(Aim of the task)
Transcribe the entries below word for word, beginning at the line with "Powering Magento with Ngnix and PHP-FPM" and stopping after the line with "The Silent Shades"; drop all pictures.

(Exercise material)
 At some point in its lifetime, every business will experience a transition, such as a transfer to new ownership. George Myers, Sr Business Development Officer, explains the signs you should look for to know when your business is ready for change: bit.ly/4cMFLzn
---
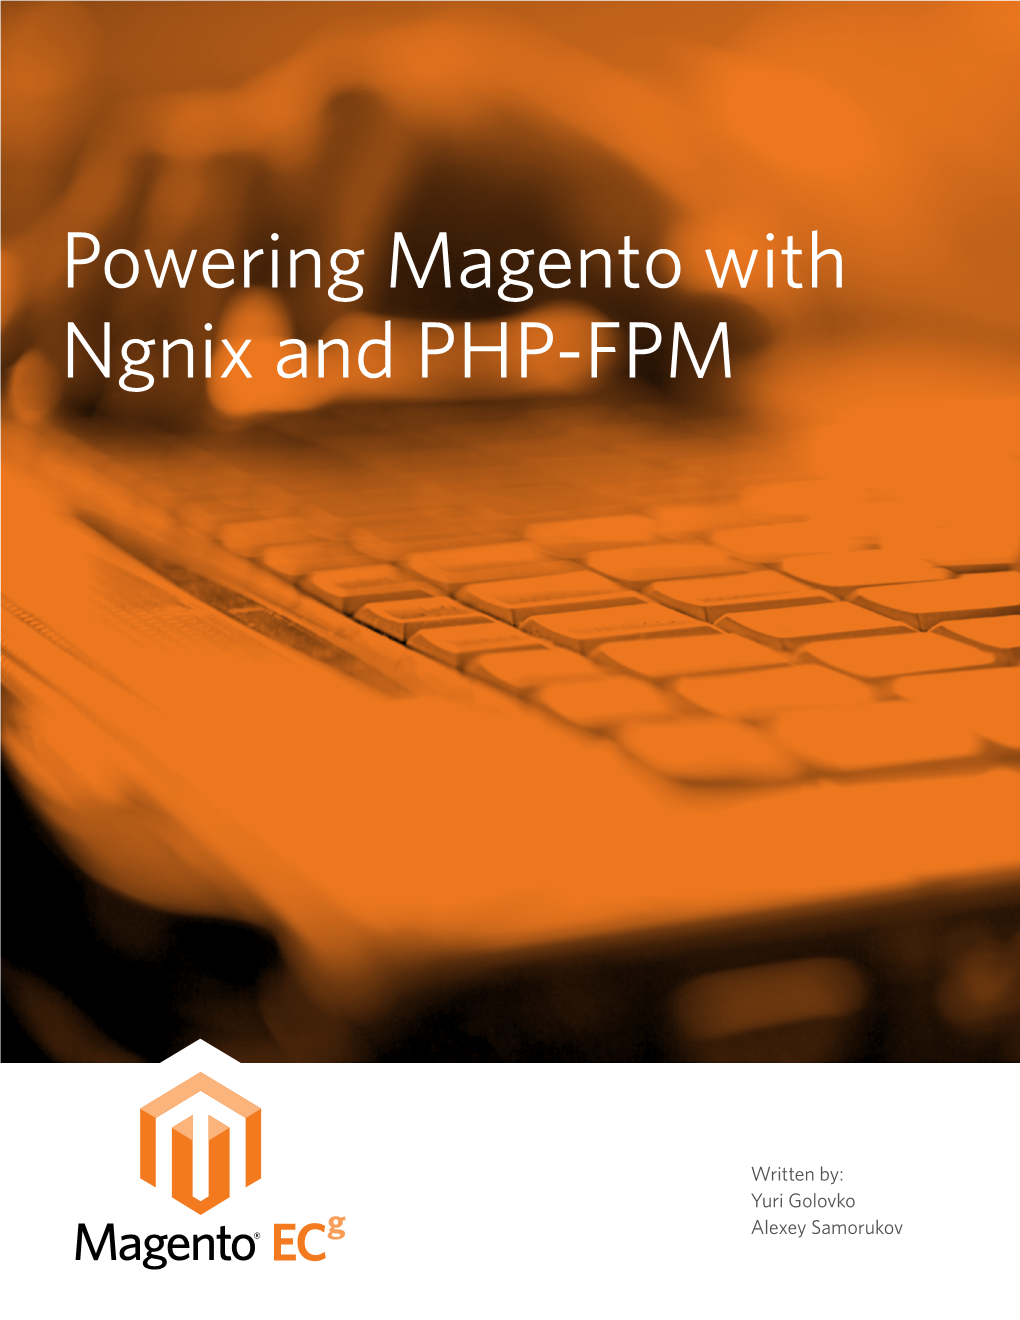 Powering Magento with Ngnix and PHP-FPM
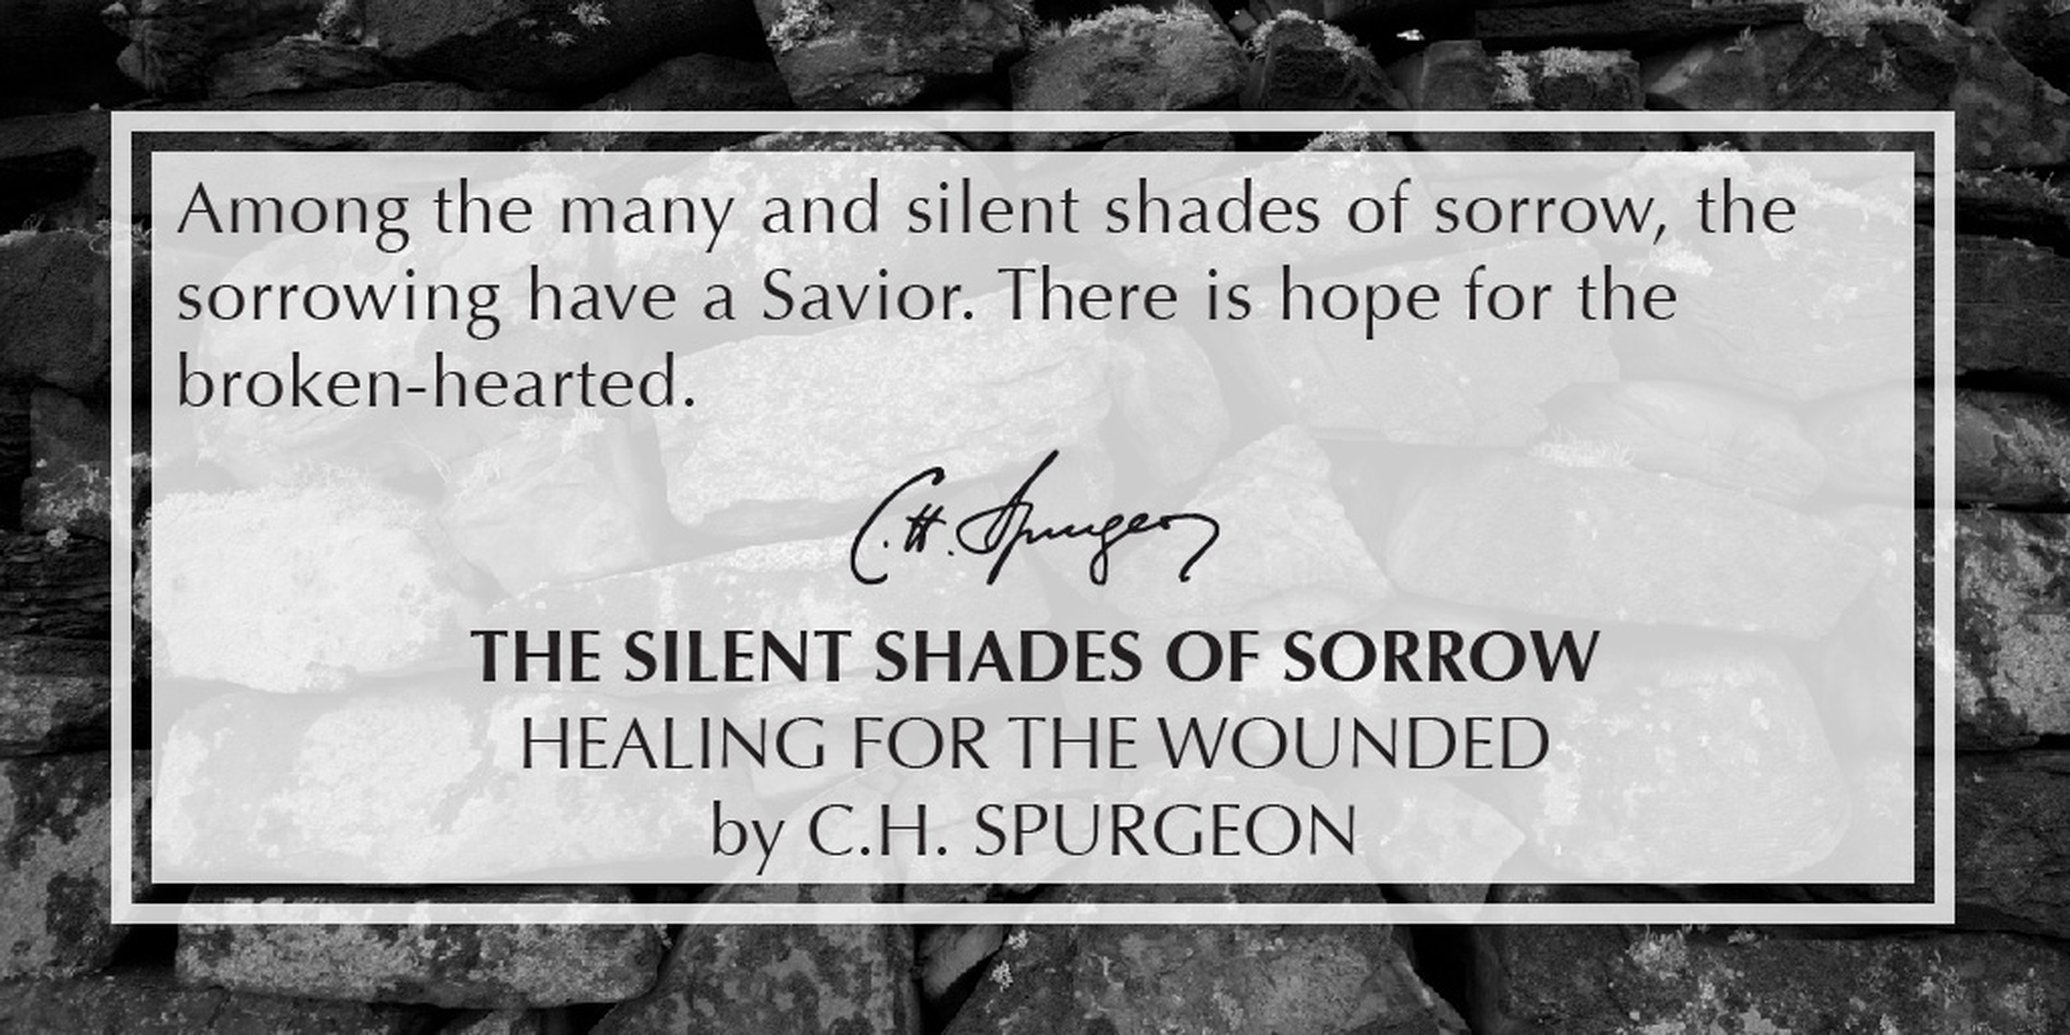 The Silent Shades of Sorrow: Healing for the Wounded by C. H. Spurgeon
==
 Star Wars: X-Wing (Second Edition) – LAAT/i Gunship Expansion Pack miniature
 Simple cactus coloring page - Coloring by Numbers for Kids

(Task response)
 Powering Magento with Ngnix and PHP-FPM
 The Silent Shades of Sorrow: Healing for the Wounded by C. H. Spurgeon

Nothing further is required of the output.